Density and public transportation¶
Sufficient population and job density are important for a public transportation system. Therefore plotting densities and public transportation systems on the same map can reveal opportuntities to build more public transportation lines (where density is high, but there are no existing lines) and to build more housing/jobs (where public transportation lines exist, but densities are low).
Let’s create a map of population density. In the United States, we can get this geo-tagged population data from the United States Census Bureau. dpd.modeling has a class Zones to store this data and a method to automatically pull this data from the United States Census Bureau.

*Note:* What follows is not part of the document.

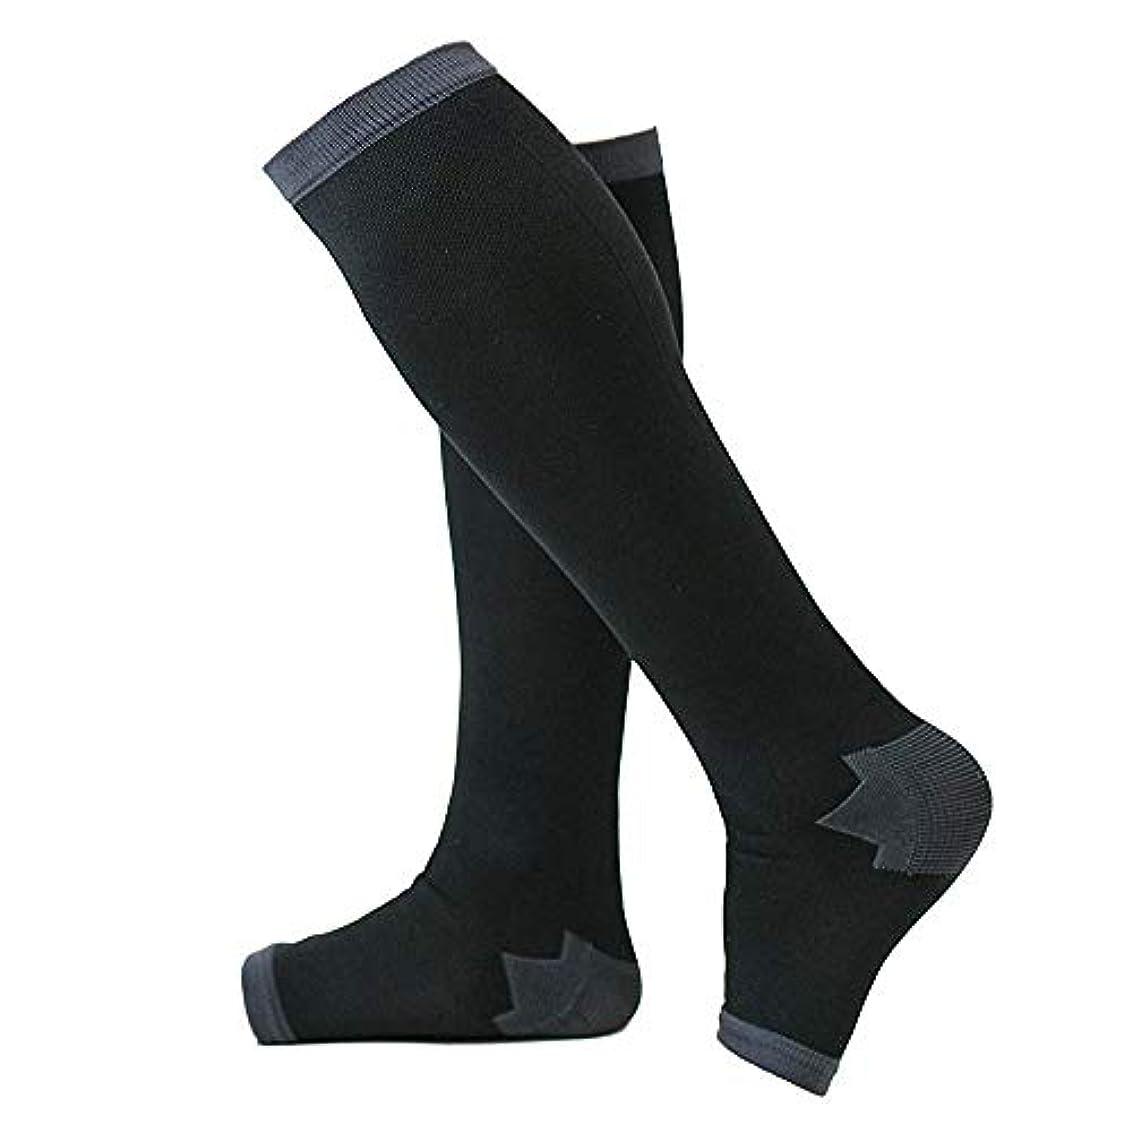 便宜野なうねる冷え性対策 男性専用脚すっきり対策オープントゥ着圧ソックス 膝下 L-LL

First, we’ll define the state that we are interested in mapping. States seems to be the best level to get data for. If we get data by county, there are lots of requests so it takes too long. However, data for the whole country is unnecessary.
[1]:
import us
from ipywidgets import Select
from IPython.display import display
YEAR = "2017"
state = Select(
options=list(map(lambda x: x.name, us.STATES)),
description="State",
value="California",
)
display(state)
Now we can get the census data for California. The government assigns a number to each state so California is 06. B01003_001E is the population in each census tract. This is renamed to Total Population. Also, ALAND is the land area of the zone. We use these two values to compute a density as population per area. Also, we simplify the geometry column to speed up any geometric computations.
[2]:
from dpd.modeling import Zones
zones = Zones.from_uscensus(str(us.states.lookup(state.value).fips), YEAR)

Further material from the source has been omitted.